L’AMUF appelle à une Journée nationale de Grève

Disparition programmée du statut de praticien hospitalier Derrière le « verbiage » se voulant à la pointe du management, le gouvernement annonce en réalité la fin du statut de praticien hospitalier et l’achèvement de la transformation de l’hôpital en entreprise de production de soins.

Dans un contexte de fermeture de maintes structures, le gouvernement propose que les praticiens, non reclassables, perdant leur poste à cause de cette restructuration puissent bénéficier d’une indemnité de départ. C’est le début des licenciements économiques pour les praticiens hospitaliers. Suppression de l’égalité des chances pour le concours de PH Exonération pour certains praticiens de concourir !

Le nombre de places au concours ne sera plus défini à l’avance. Le jury décidera à posteriori. L’allongement du délai de validité du concours est ramené à 3 ans alors que nous avions obtenu une durée de 5 ans!

Qui a osé décider de cela ? Qui a osé bafouer un des fondements de la république permettant à tous de concourir avec des règles prédéfinies et non modifiables à posteriori ? Parallèlement, le gouvernement agit au niveau de la commission européenne pour que soit remise en question la définition du travail.

Il introduit la notion de travail passif qui serait décompté du temps effectif.
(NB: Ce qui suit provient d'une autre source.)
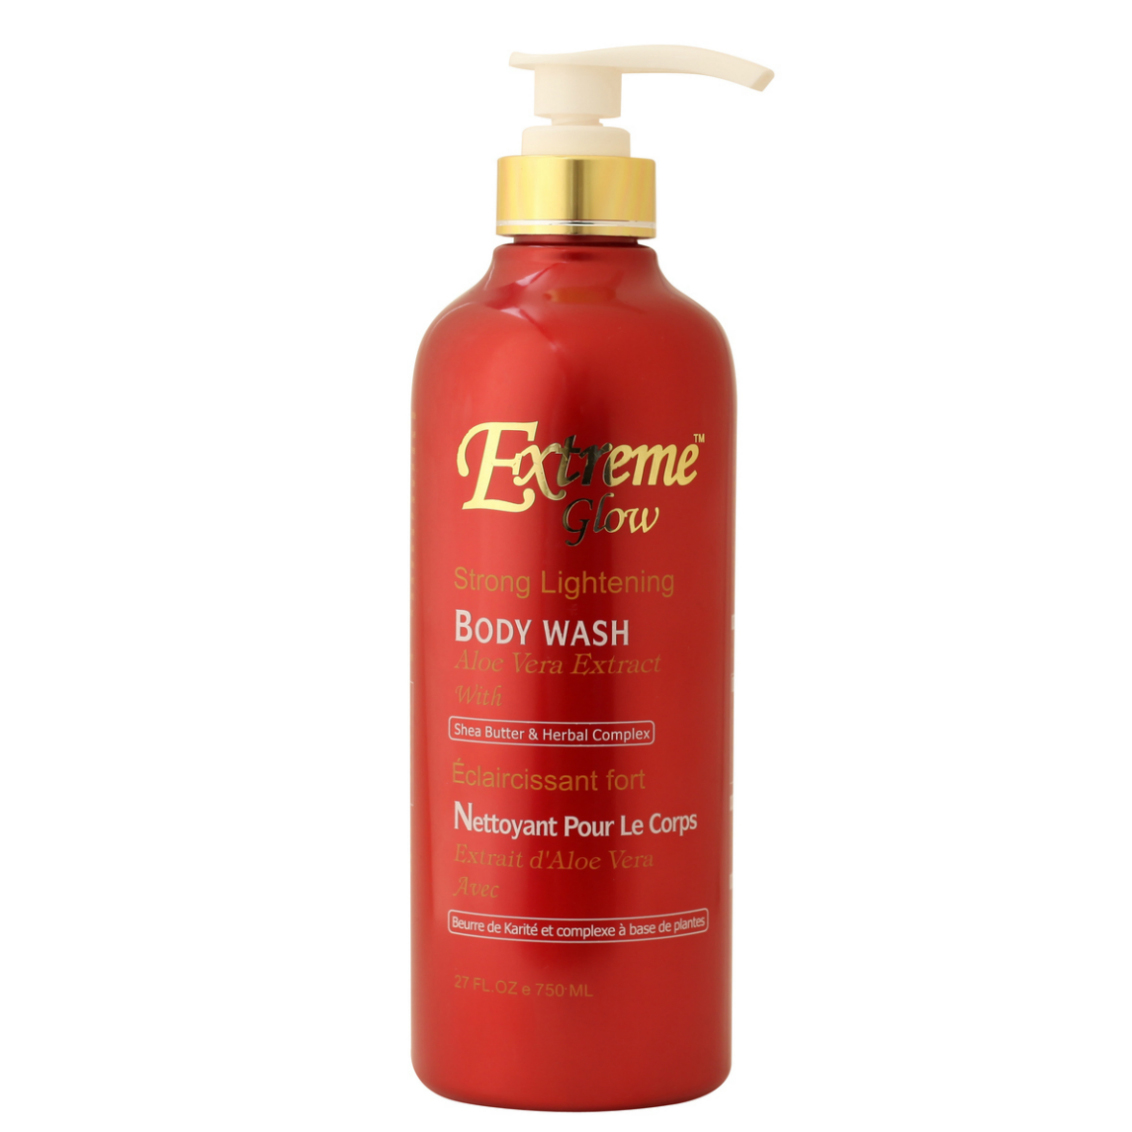 EXTREME GLOW ® Strong Lightening Body Wash.

Ainsi, les astreintes à domicile seraient reconnues comme temps de travail effectif et les gardes sur place ne le seraient plus !!! De même, le repos de sécurité disparaît puisque l’on vous permettrait de travailler 72 h d’affilées ! Curieuse conception de la sécurité sanitaire!

Dans sa logique, le gouvernement introduit la culture du mérite : mais sur quelle base ? Votre salaire comportera une part variable et fixe, la part variable sera déterminée par votre directeur sur des critères de pénibilité, de quantité ou de qualité!

Cela nous inquiète puisque nous nous demandons quelle place et quelle reconnaissance pour le travail des urgentistes pour des patients dont personne ne veut ! Quelle liberté de prescription nous restera – t’il quand nous serons nommés par le directeur et révocables à sa merci ? La journée du 20 janvier prochain est une première étape pour dire non au démantèlement de l’hôpital public, à la précarisation des médecins et à la financiarisation du système de soins.

Elle s’inscrit dans la journée d’action de défense de la fonction publique dont l’hôpital public est un maillon essentiel. Nous exigeons que de véritables négociations soient engagées. Les élections syndicales en juin prochain doivent être l’occasion de soumettre à toutes et à tous la possibilité de prendre position sur son avenir. L’AMUF s’engage pour que notre avenir ne soit pas décidé par une poignée d’idéologues.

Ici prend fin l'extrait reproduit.